Un vol annulé EasyJet peut transformer un départ en cauchemar administratif. Pourtant, les passagers disposent de droits solides, souvent méconnus, qui leur permettent d’obtenir une compensation financière. Le règlement CE 261/2004 encadre précisément ces situations et oblige les compagnies aériennes à indemniser leurs clients sous certaines conditions. Avec des montants pouvant atteindre 600 euros par passager, l’enjeu est loin d’être négligeable. Encore faut-il savoir comment agir, dans quel ordre, et avec quels documents.
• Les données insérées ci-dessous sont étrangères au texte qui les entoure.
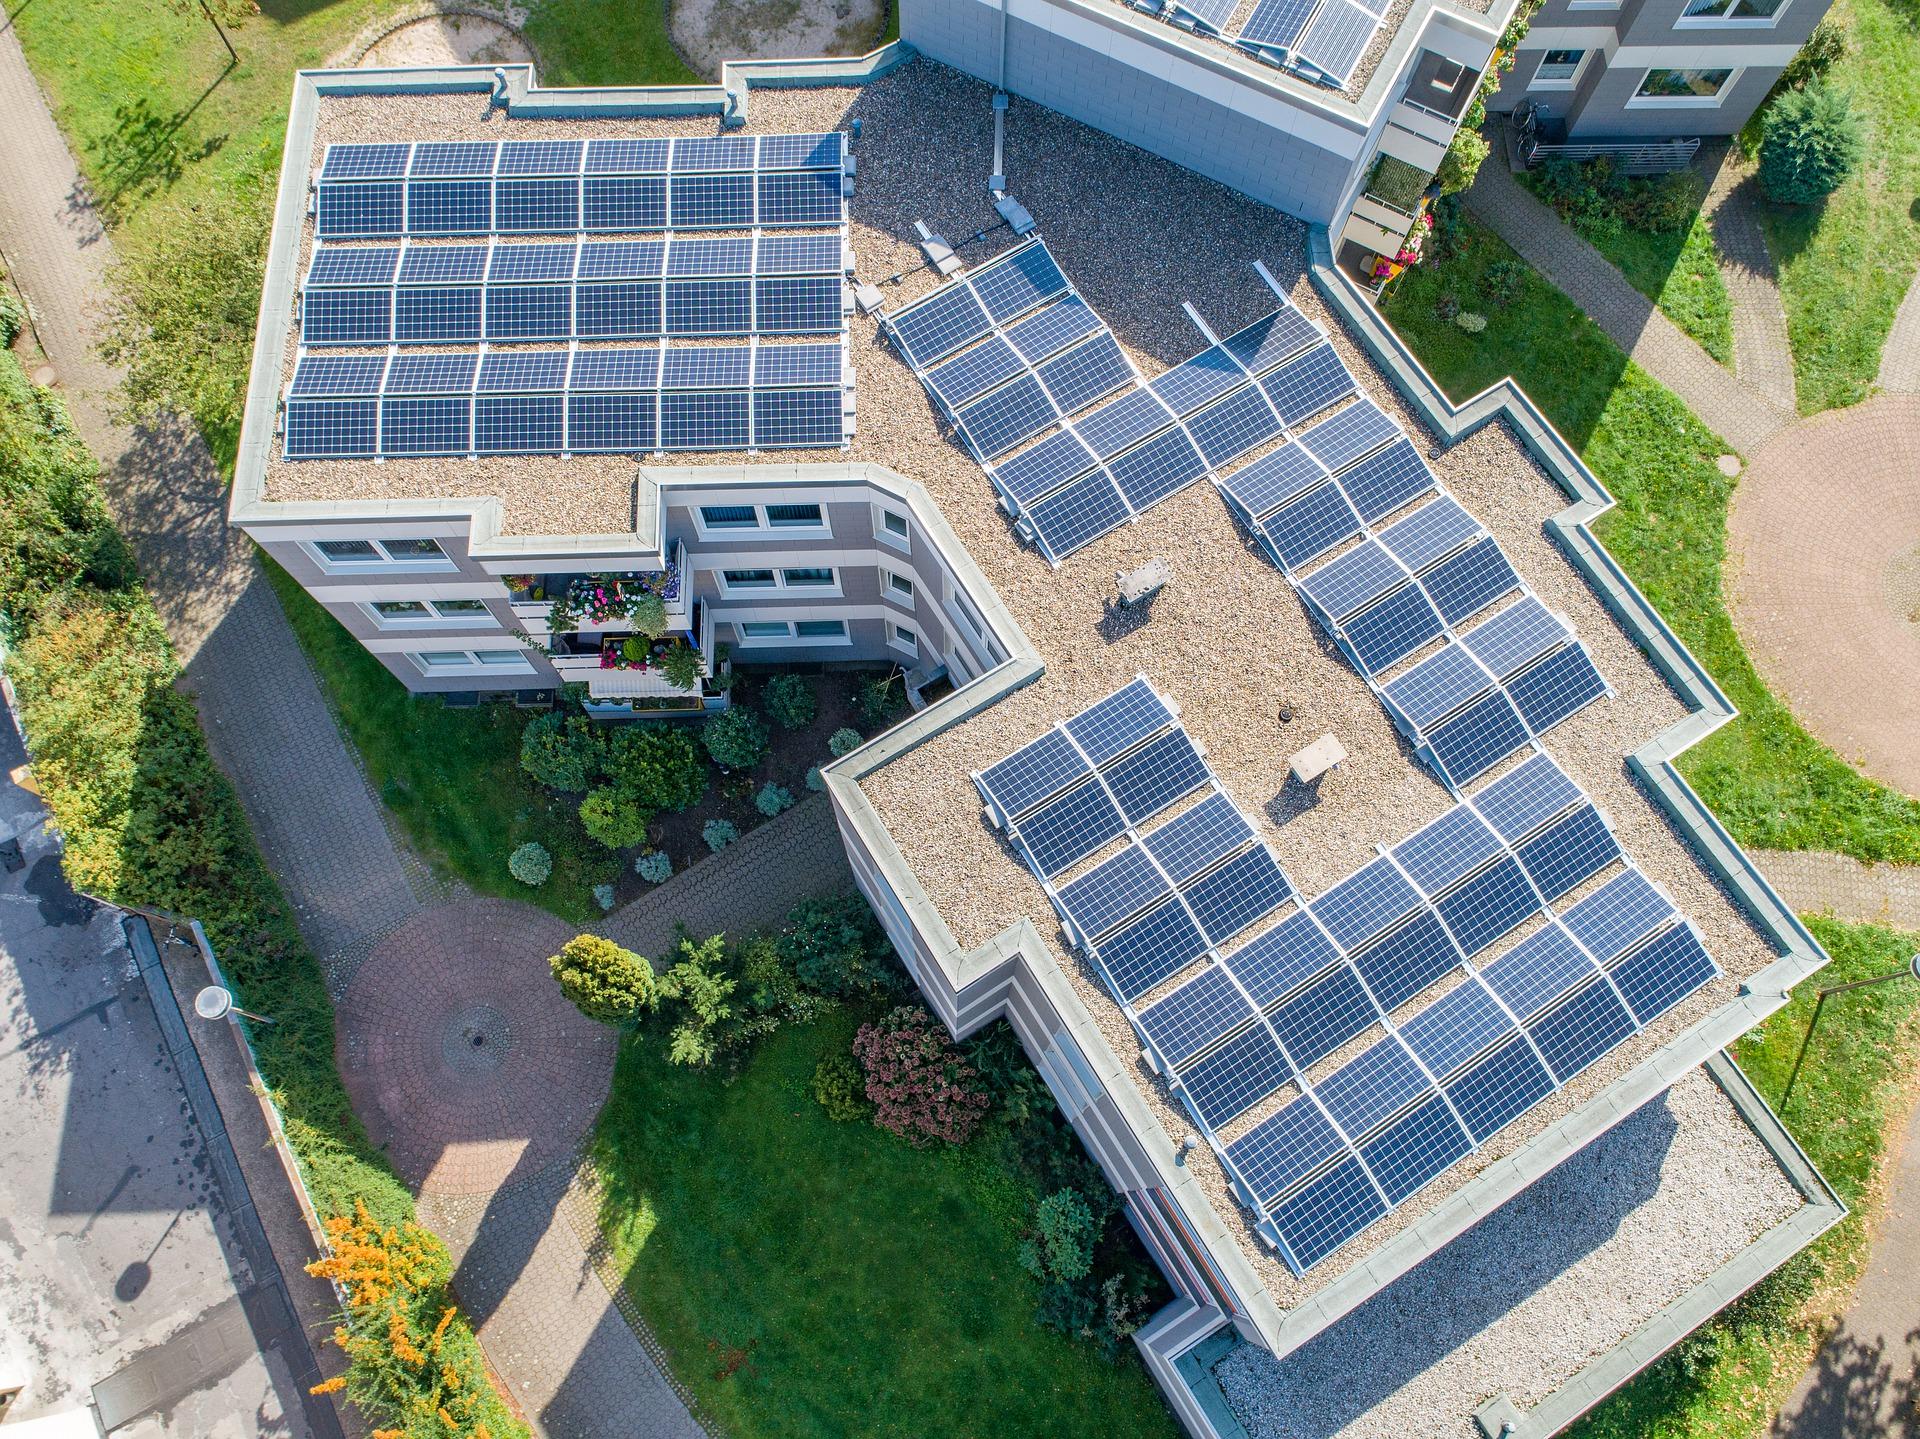 110 per cento fotovoltaico ecobonus decreto rilancio gazzetta ufficiale

Ce guide détaille les cinq étapes concrètes pour faire valoir vos droits face à EasyJet, sans vous perdre dans les méandres d’une procédure souvent décourageante à première vue.

Ce que dit la réglementation européenne sur les annulations de vol

Le règlement CE 261/2004 est le texte de référence pour tout passager aérien au départ ou à destination d’un pays membre de l’Union européenne. Il s’applique directement aux vols EasyJet, compagnie enregistrée au Royaume-Uni mais opérant massivement depuis des aéroports européens. Depuis le Brexit, des précisions ont été apportées sur l’applicabilité de ce règlement aux vols entre le Royaume-Uni et l’Europe, mais les trajets au départ d’un aéroport de l’UE restent couverts sans ambiguïté.
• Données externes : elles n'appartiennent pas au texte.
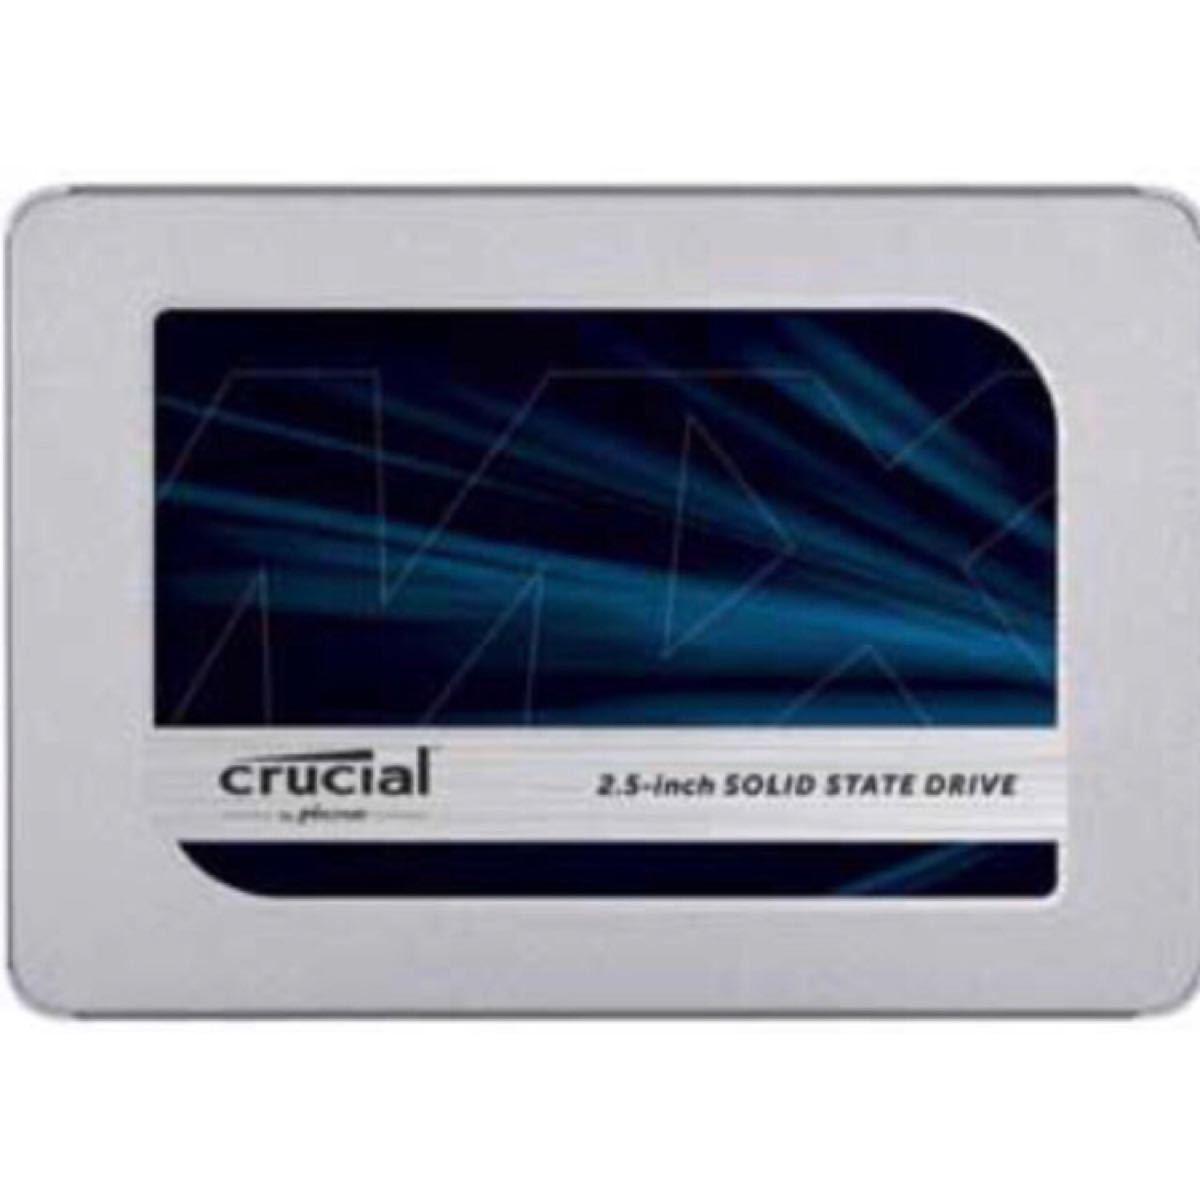 Crucial SSD 500GB

Selon ce règlement, une annulation de vol ouvre droit à une indemnisation forfaitaire sauf si la compagnie démontre que l’annulation résulte de « circonstances extraordinaires ». Cette notion recouvre les grèves de contrôleurs aériens, les conditions météorologiques extrêmes ou les instabilités politiques. En revanche, une grève du personnel d’EasyJet, une panne technique prévisible ou une décision commerciale ne constituent pas des circonstances extraordinaires.
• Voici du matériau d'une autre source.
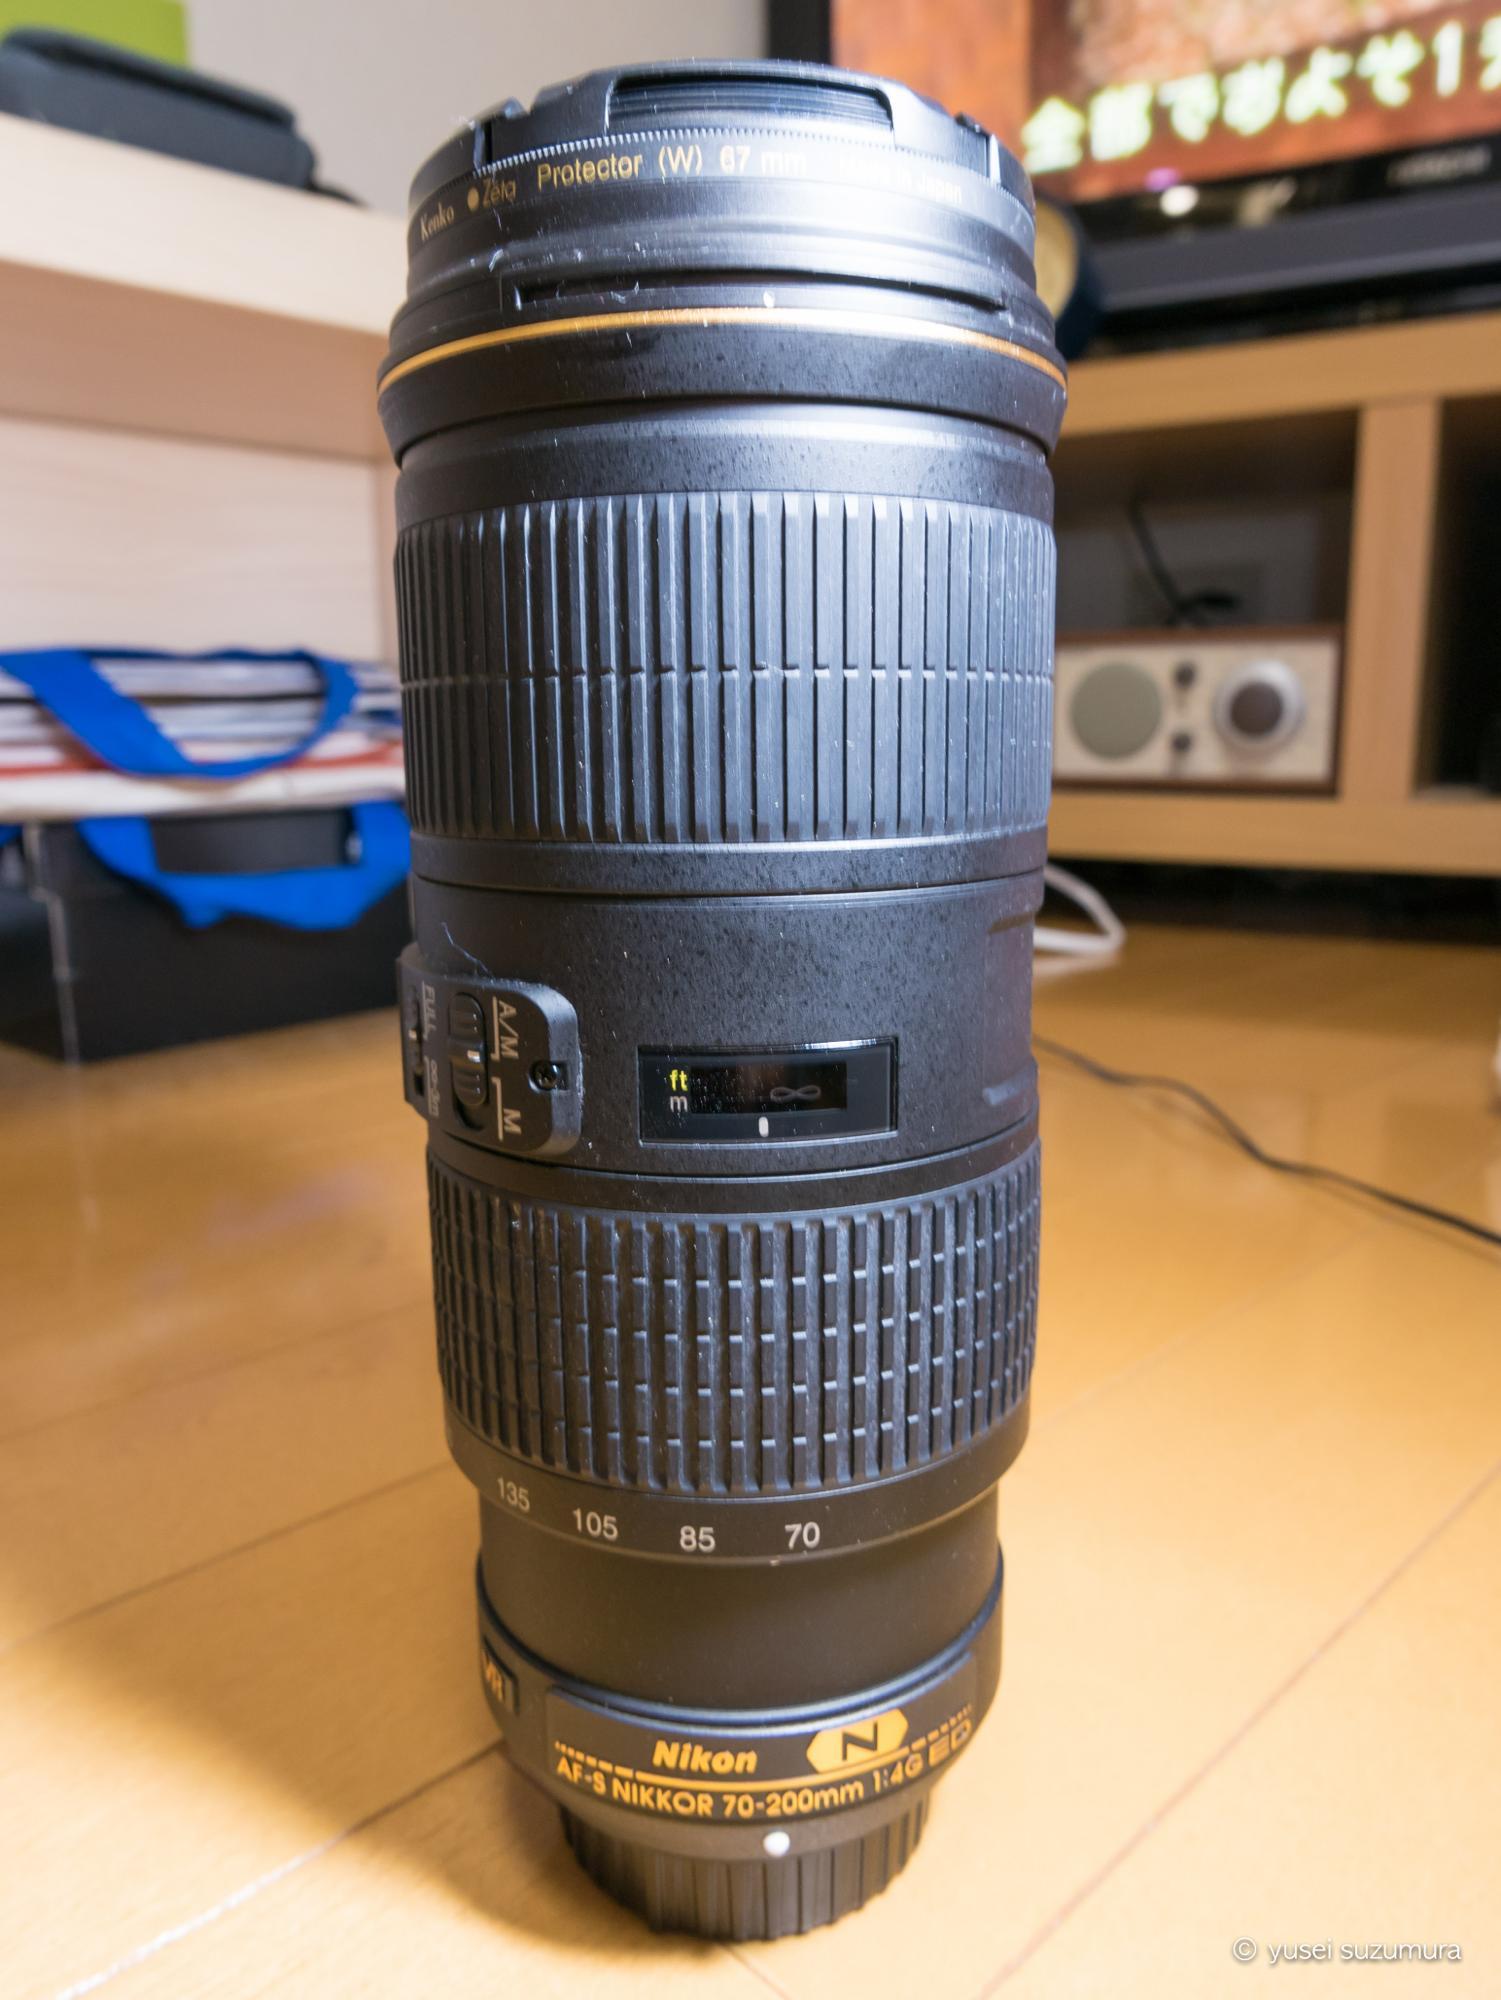 AF-S NIKKOR 70-200mm f/4G ED VR 全体

Le montant de l’indemnisation dépend de la distance du vol :

  • Vols de moins de 1 500 km : 250 euros par passager
  • Vols entre 1 500 et 3 500 km : 400 euros par passager
  • Vols de plus de 3 500 km : 600 euros par passager

Ces montants peuvent être réduits de moitié si EasyJet propose un vol de remplacement dont l’heure d’arrivée ne dépasse pas certains seuils par rapport au vol initial. Par ailleurs, la compagnie doit informer les passagers au moins 14 jours avant le départ pour éviter toute obligation d’indemnisation. En dessous de ce délai, le droit à compensation s’active automatiquement, sous réserve des circonstances extraordinaires.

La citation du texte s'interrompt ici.